Fri Aug 12 16:32:37 EDT 1994

Mark Plutowski recently said on connectionist:

>>>
A discussion on the Machine Learning List prompted the question 

"Have theoretical conditions been established under which 
cross-validation is justified?"  

The answer is "Yes." 
>>>

Mark is being polite by not using names; I am the one he is
(implicitly) taking to task, for the following comment on the
ML list:

>>>
. an assumption *must always* be
present if we are to have any belief in learnability in the problem
at hand...
However, to give just one example, nobody has yet delineated
just what those assumptions are for the technique of cross-validation.
>>>

Mark is completely correct in his (implicit) criticism.

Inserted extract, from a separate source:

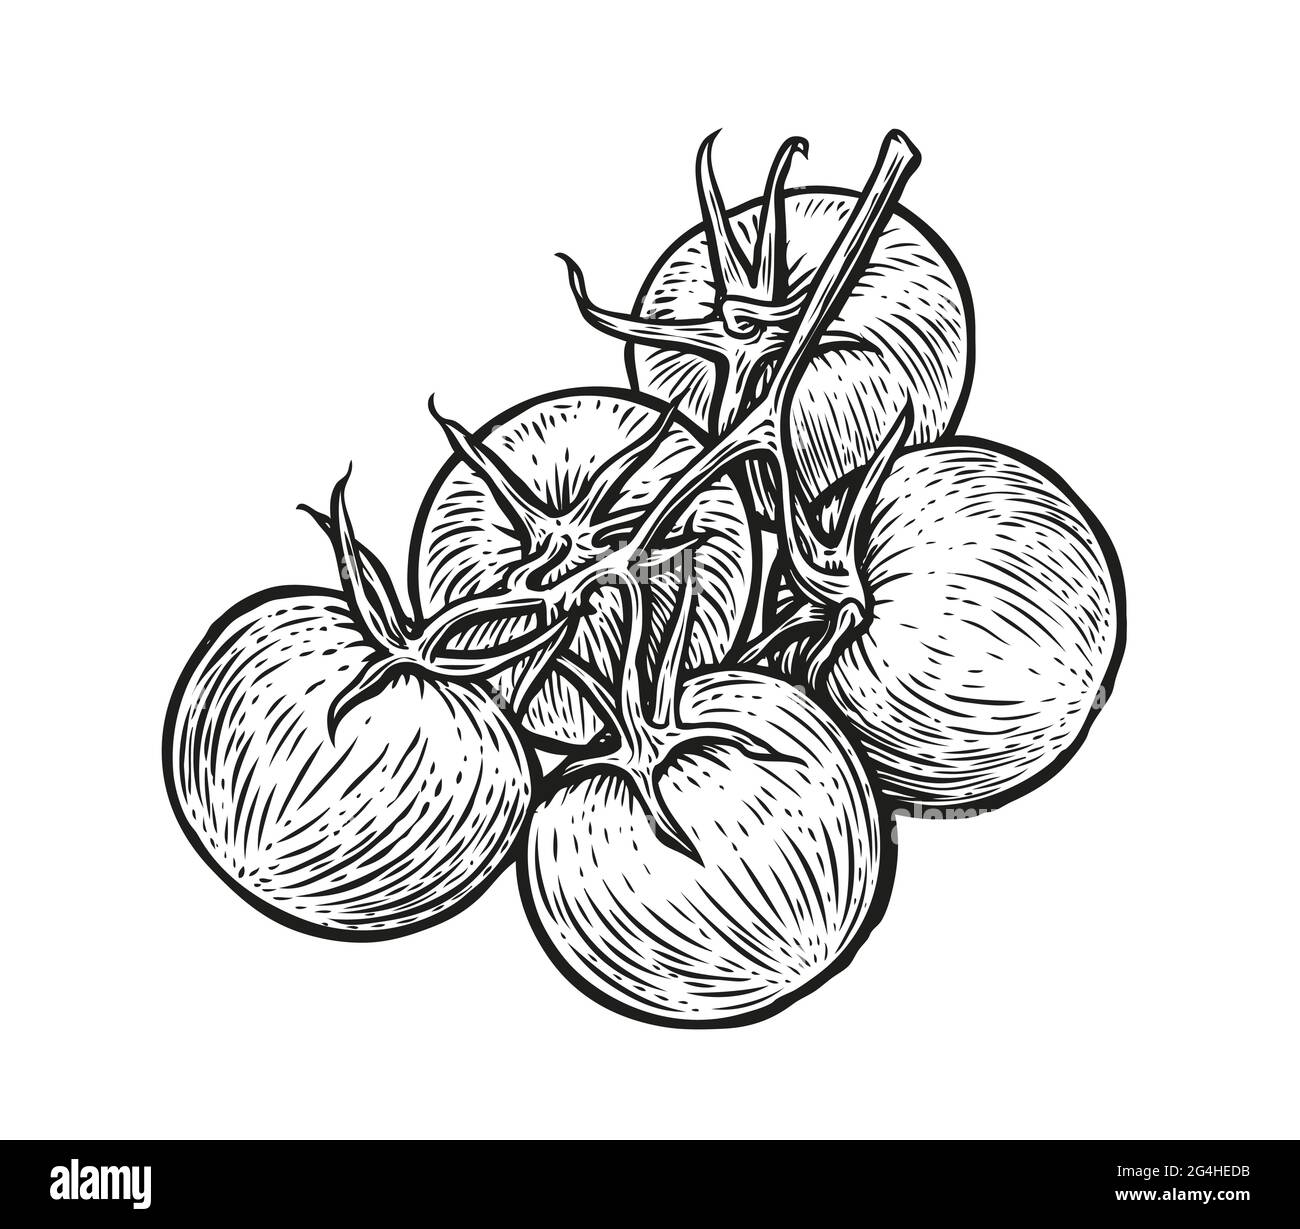 Tomaten auf Ast. Handgezeichnetes Gemüse in Skizze. Vektorgrafik Stock Vektor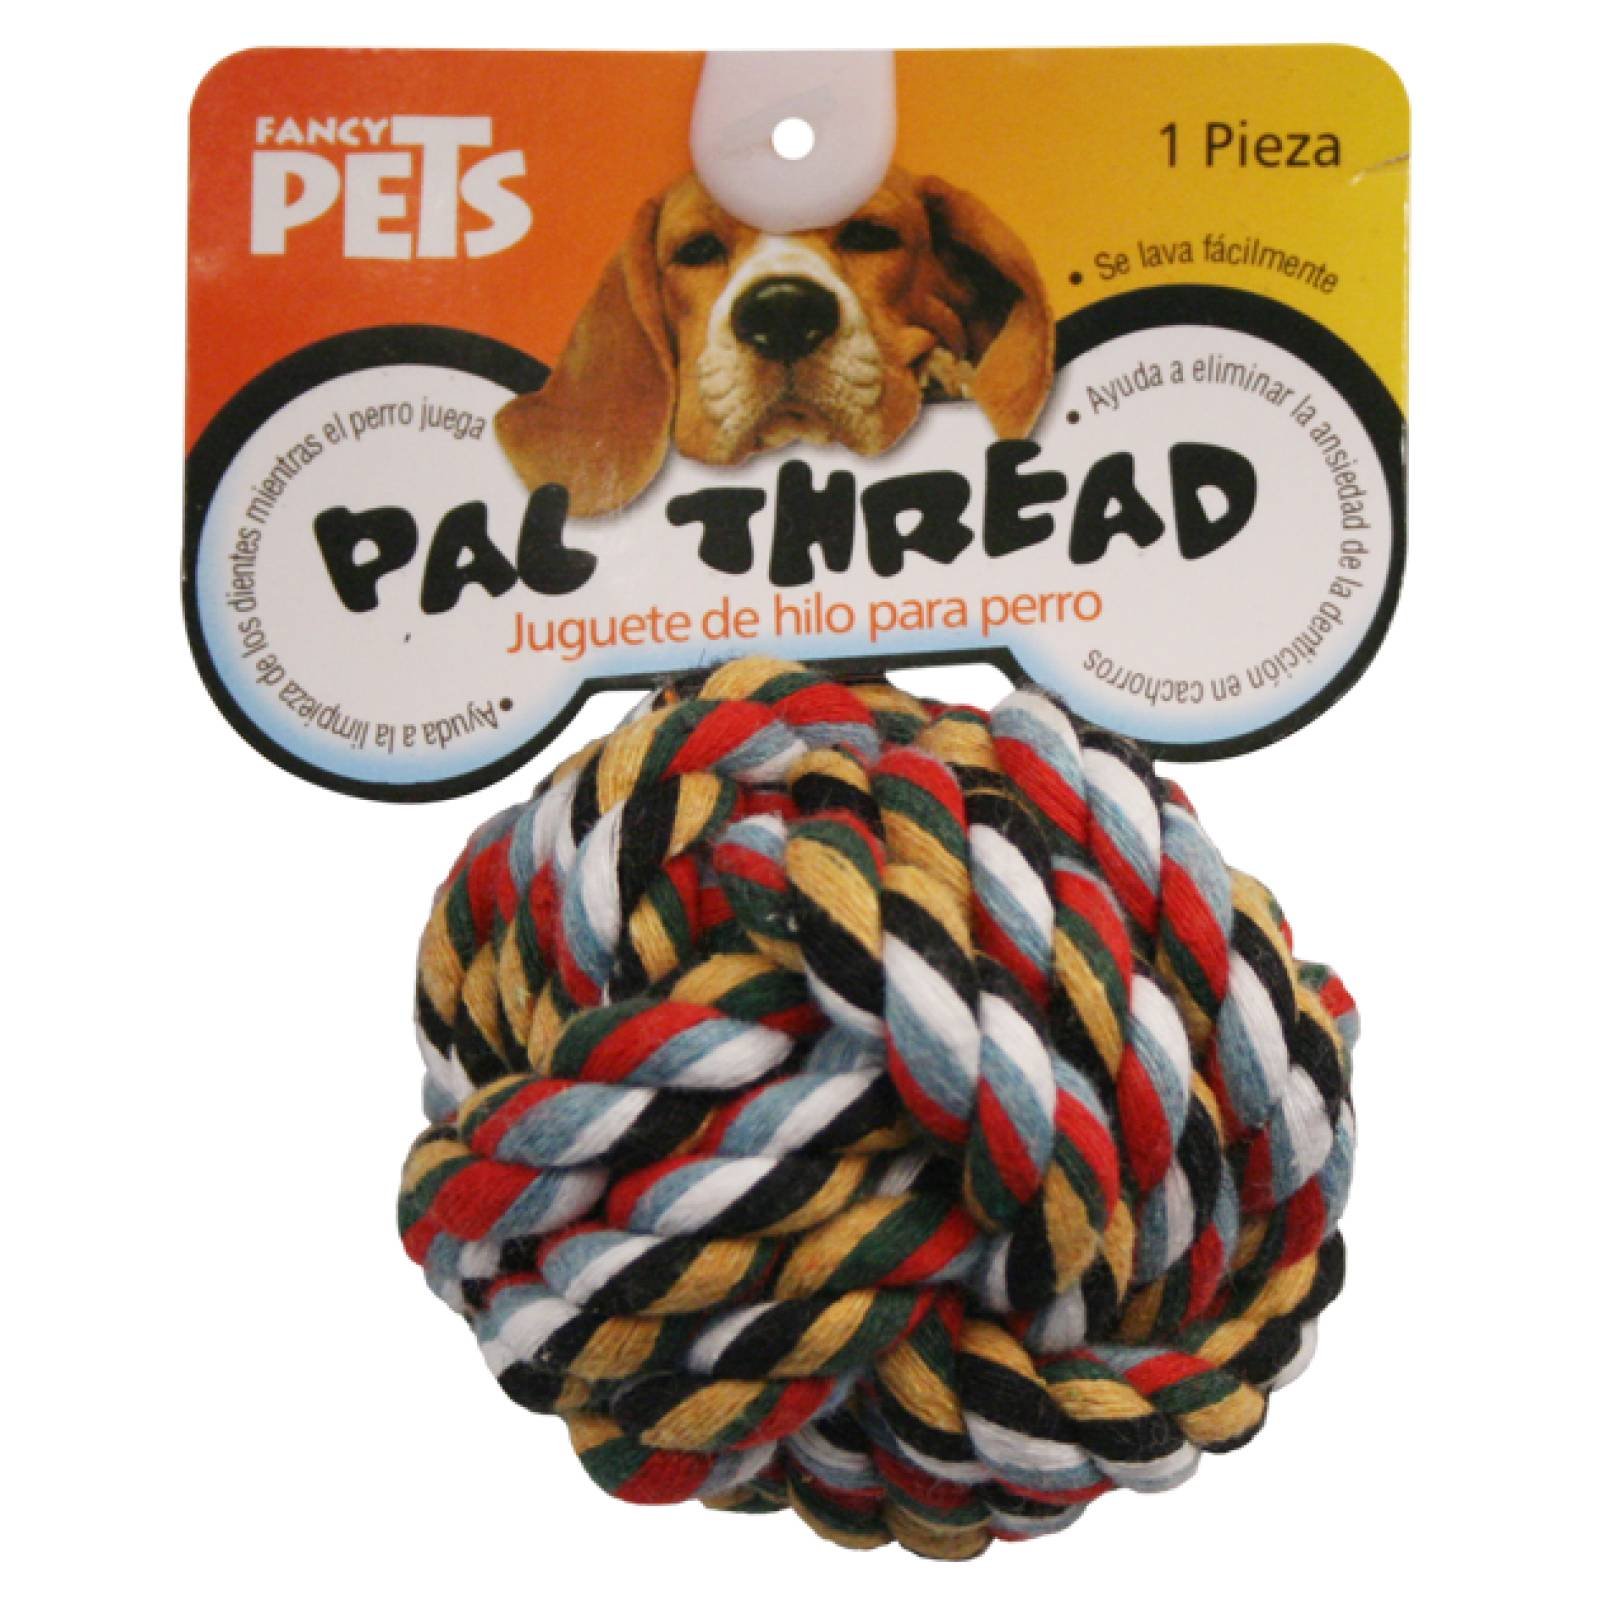 Fancy Pets Juguete para Perro Bola de Hilo de Colores Surtidos 8 cm

As he says, there has in fact been decades of work analyzing 
cross-validation from a sampling theory perspective. Mark's thesis is 
a major contribution to this literature. Any implications coming from my
message that such literature doesn't exist or is somehow invalid
are completely mistaken and were not intended. (Indeed, I've had 
several very illuminating discussions with Mark about his thesis!)

The only defense for the imprecision of my comment is that I made 
it in the context of the ongoing discussion on the ML list that 
Mark referred to. That discussion concerned off-training set error 
rather than iid error, so my comments implicitly assumed off-training 
set error. And as Mark notes, his results (and the others in the 
literature) don't extend to that kind of error.

(Another important distinction between the framework Mark uses and the
implicit framework in the ML list discussion is that the latter has
been concerned w/ zero-one loss, whereas Mark's work concentrates on
quadratic loss. The no-free-lunch results being discussed in the ML
list change form drastically if one uses quadratic rather than
zero-one loss. That should be no surprise, given, for example, the
results in Michael Perrone's work.)

While on the subject of cross-validation and iid error though, it's
interesting to note that there is still much to be understood. For
example, in the average-data scenario of sampling theory statistics
that Mark uses, asymptotic properties are better understood than
finite data properties. And in the Bayesian this-data framework, very
little is known for any data-size regime (though some work by Dawid on
this subject comes to mind).

David Wolpert